À la même époque, une contre-théorie à celle d’Easterlin est avancée par Preston (1984) suggérant que les taux de suicide sont plus faibles pour les membres des cohortes de grande taille. La relation est négative et bénéfique puisque les cohortes de grande taille ont de hauts niveaux de pouvoir politique et social, à l’opposé de celles de petite taille qui n’ont pas l’habileté d’influencer les politiques publiques et d’accumuler des ressources (De Leo & Evans, 2003, p. 130). Les cohortes de grande taille dans les sociétés démocratiques peuvent profiter des avantages économiques de leur plus importante influence politique. Selon Preston, les effets de cette relation peuvent survenir au détriment des cohortes successives de petite taille puisque les membres des cohortes précédentes très nombreuses occupent la plupart des postes de travail. Contrairement à son prédécesseur Easterlin qui se concentrait sur l’impact du revenu, le paradigme de Preston est centré sur la façon dont les transferts publics ou privés se

rapportent à la taille des cohortes à l’extérieur de la population active (Preston, 1984, p. 450). En résumé, plus le rôle des transferts est important relativement aux revenus d’un groupe ou lorsque le rôle du gouvernement relativement au marché est plus grand, l’avantage d’appartenir aux cohortes de grande taille sera plus important. En conséquence, lorsque le rôle des revenus et du marché est supérieur, le désavantage d’appartenir à une cohorte de grande taille est également plus grand (Pampel, 2001, p. 127). Par exemple, lorsque les individus de cohorte de grande taille atteignent un âge avancé, en très grand nombre, les dépenses pour le bien-être, les pensions de vieillesse et les couts des soins de santé vont augmenter au détriment des transferts publics des ressources pour les adultes et les enfants.

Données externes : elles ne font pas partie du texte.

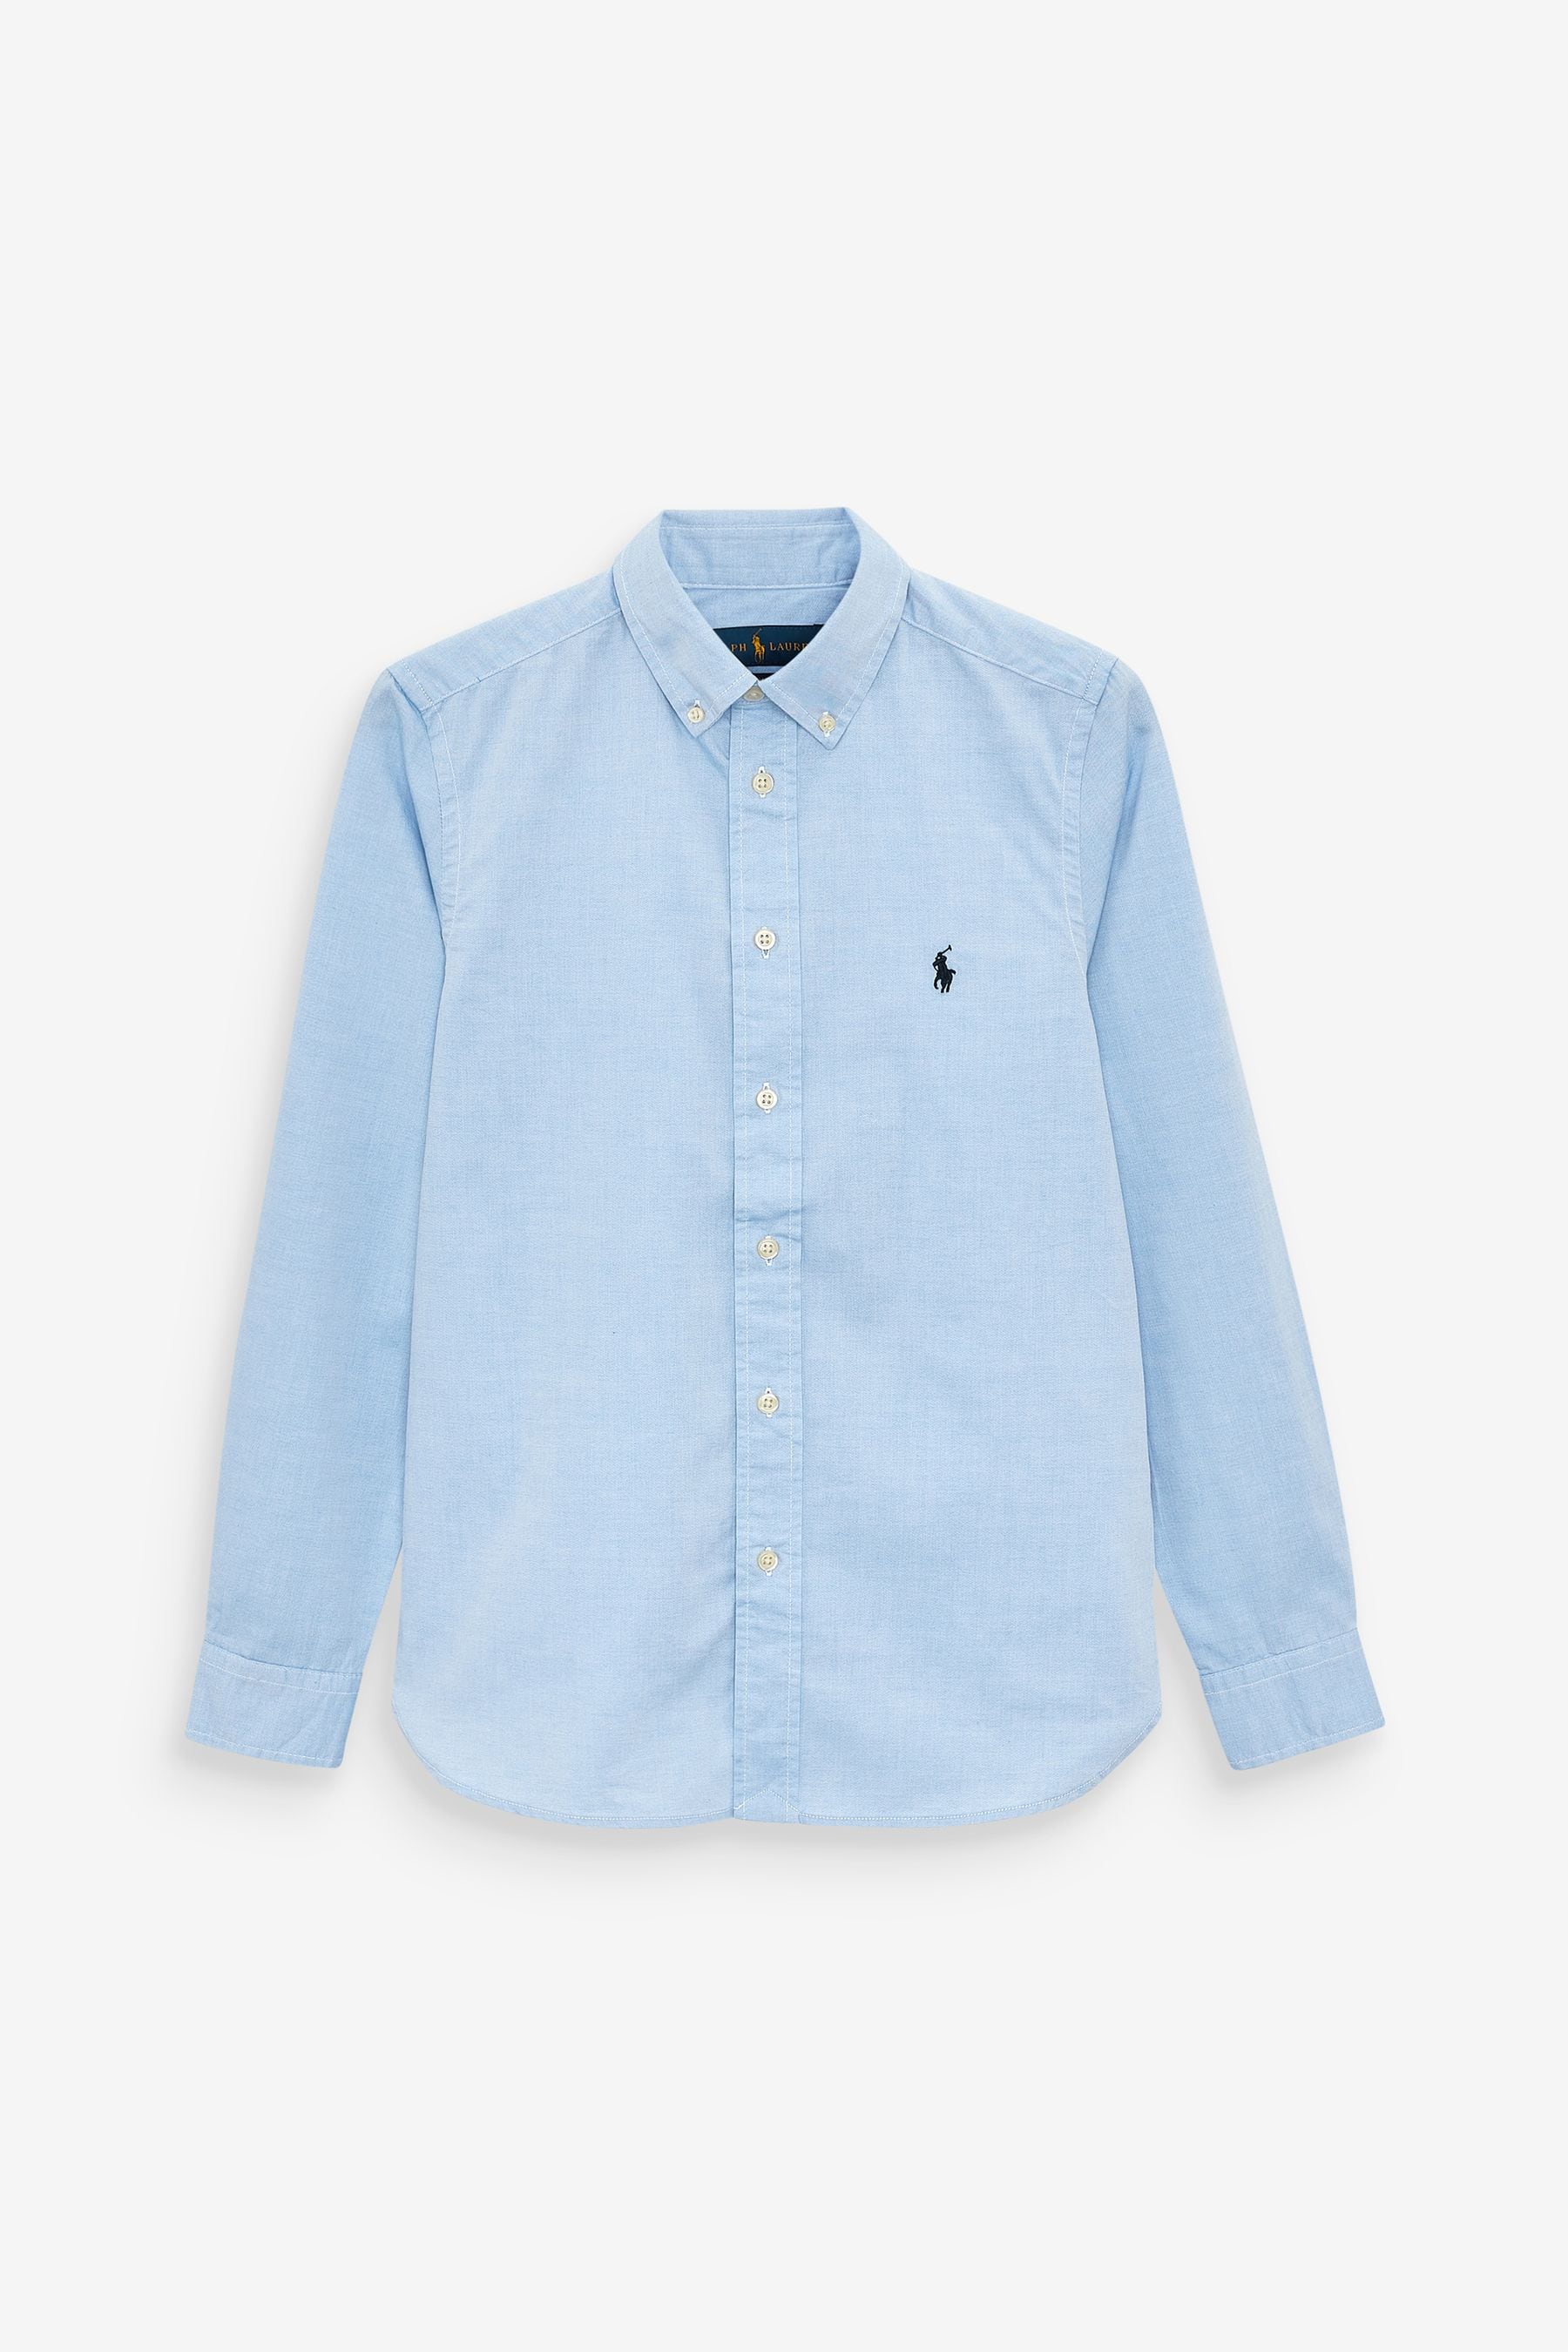 Buy Polo Ralph Lauren Boys Oxford Logo Shirt from the Next UK online shop

Selon les théories d’Easterlin et de Preston, quatre dimensions du marché/distribution des transferts (publics et privés) peuvent avoir un impact sur la relation entre la taille des cohortes et la mortalité par suicide. D’abord (i) l’âge puisque les sources de revenus varient avec l’âge d’une cohorte ; (ii) le genre (indépendamment de l’âge), car il est associé au marché du travail et au revenu ; (iii) la nation, car le contexte des politiques en matière de sécurité sociale définit le lien entre les individus et le marché - plus complexe que l’âge et le genre, la nation peut être une variable confondante due aux protections des citoyens ; et (iv) le temps puisqu’il s’agit d’une composante de changement social important de la taille des cohortes par exemple, la division du travail selon l’époque (Pampel, 2001, p. 127). Notre deuxième analyse présentée au chapitre 5 teste empiriquement avec les données canadiennes ces deux théories démographiques pour offrir de nouvelles perspectives du suicide en lien avec le cycle démographique de fécondité : la variation du nombre d’individus appartenant à une cohorte et aux opportunités socioéconomiques qui lui sont associées. Il est à noter que l’effet de la taille

des cohortes est parfois confondu avec le concept plus général de l’effet de cohorte. Il s’agit

d’un élément technique discuté au chapitre 3 des sources et méthodes.

Étant donné la place centrale occupée par la variable âge dans notre travail de recherche, nous mettons en pleine valeur ses trois dimensions temporelles APC. Les fondements sociologiques et démographiques permettent d’offrir de nouvelles perspectives sur l’âge et la cohorte. Le domaine de l’économie pour sa part complémente le cadre

61 multidisciplinaire de notre analyse de la mortalité par suicide tout en raffinement la notion de « période ».